His relations and his time spent with Gemma Cuervo only add to this image of a good, loving, intelligent man.

There's no doubt about it: we are losing one of the greats of the stage, of the silver screen, of television. For six decades, he left an indelible mark through memorable performances and clear, forceful personal attitudes and ideological stands. And always with that suave, seductive tenderness that he displayed wherever he went...

We cannot forget the risks he took with his theatrical productions during the latter Franco years, nor his masterly cinematographic maturity, nor his forceful television presence.

His beautiful, intimate, lucid, emotional goodbye to the stage inside the Teatro Español, where he recited a text by Louis Aragon, only confirmed the depth of a man who willingly shunned superfluous pomp and episodic celebrations. There he stood, alone with nothing more than his words, his ideology and a beautiful demonstration of his love of theater.

We have learned much from people like him, and we will continue to learn.
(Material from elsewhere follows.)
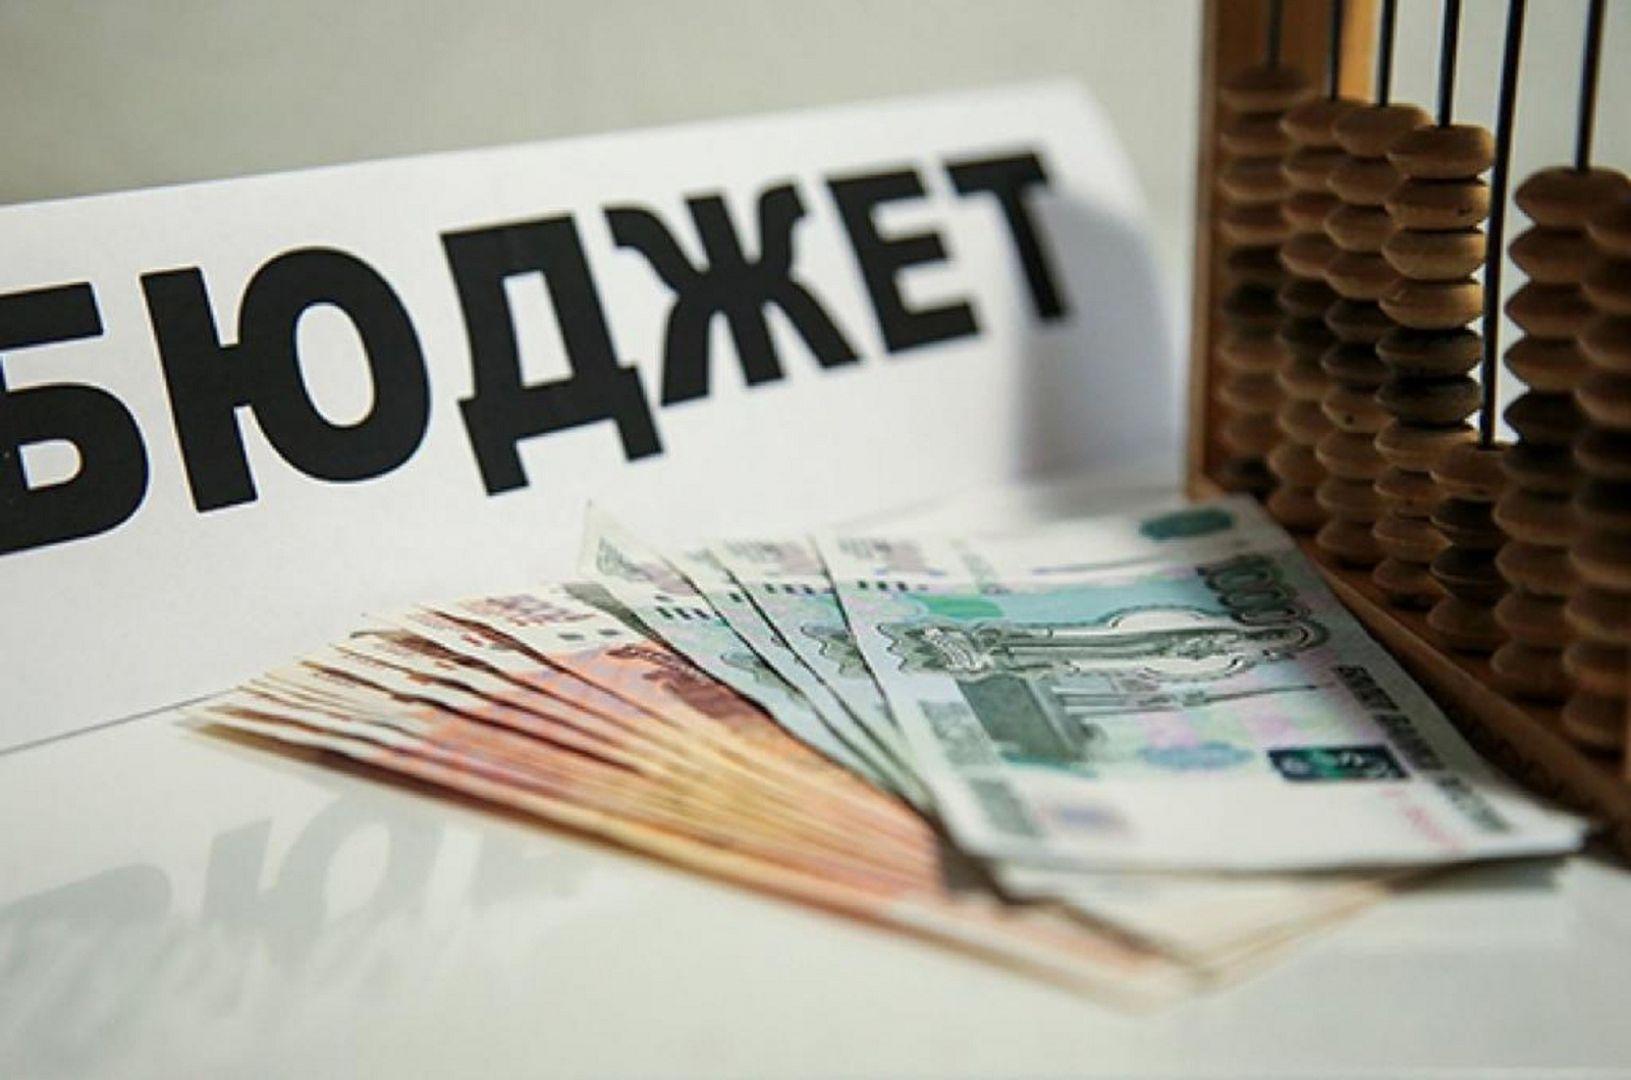 Расходы бюджета Дона на 2021 год увеличили на 26 млрд руб.

His lessons are both artistic and human, and while the former are great lessons indeed, even greater are the lessons of an honest man who was always true to himself.
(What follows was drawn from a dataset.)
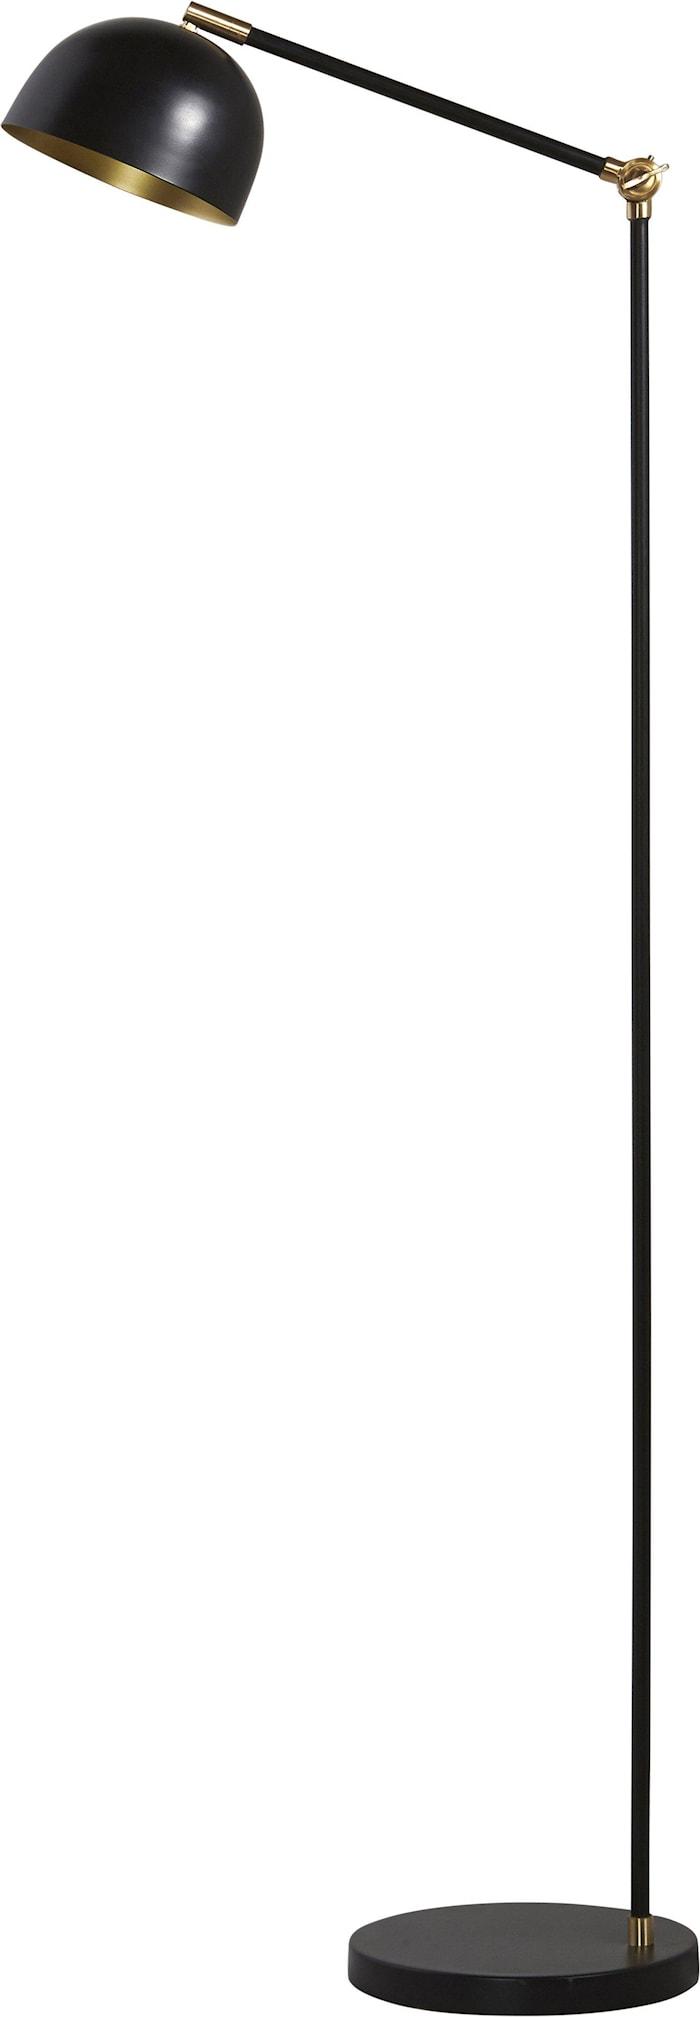 Brighton Golvfot Svart 123-154cm

Mario Gas is an actor and theater director.

"I am very happy to present a text that is so deeply involved with so many issues that are vital to human beings, like death, suicide, disappointment, failure, and other things that have moved me... Probably, without a text like this, I wouldn't have retired," he told EL PAÍS.

Great words were never belittled in Guillén's mouth, and that made him an exceptional actor. But at age 75 he was tired, as he readily admitted. Like a true gentleman, Guillén always played down his own importance, yet he was always more than a mere performer of classic plays.

He joined the college theater troupe, Teatro Español Universitario (TEU), when he began studying law at Madrid University, a decision that would change the course of his life. The TEU, which trained some of Spain's greatest actors, put him on the stage to perform modern classics such as Miguel Mihura's absurd comedy Tres sombreros de copa or Alfonso Sastre's Death Squad.

Guillén was a pioneer in the modernization of Spanish theater. He actively contributed to the opening up of culture under the Franco dictatorship in the late 1960s, when he and his wife, the actress Gemma Cuervo, premiered work by the likes of Albert Camus, Jean-Paul Sartre, Edward Albee and Harold Pinter.

His long partnership with playwright, director and actor Adolfo Marsillach resulted in Spanish versions of Julien Green's L'ennemi, George Bernard Shaw's Pygmalion, Arthur Miller's After the Fall and Albert Camus' The Misunderstanding, the work that Guillén considered one of the pinnacles of his own career. Coincidentally, the play will return to the CND National Drama Center thanks to the efforts of Guillén's daughter, the actress and TV presenter Cayetana Guillén Cuervo.

Guillén's face became well-known thanks to his work in some of the best-known Spanish movies in recent history. He had roles in Pedro Almodóvar's All About my Mother, Law of Desire and Women on the Verge of a Nervous Breakdown. He also worked with Carlos Saura on The Dark Night and collaborated with other major Spanish directors. All of these movies were improved by his restrained, upright presence and wonderful voice.

"He was a superb actor who came from the kind of theater that I so enjoy making movies with," said filmmaker Gonzalo Suárez. "I will miss him as a friend and as an extraordinary person, and given my devilish dialogues, also as an actor with the ability to deliver them."

Guillén used to say that to be happy all he needed was a book, his dog and the sun. The long illness that gradually took his life deprived him of everything except the one thing he was most attached to, his family. His three children -- Fernando and Cayetana, both actors, and Natalia, a lawyer -- were with him until the end, as was his wife Gemma Cuervo, who returned to his side after years of separation to accompany him during his last days.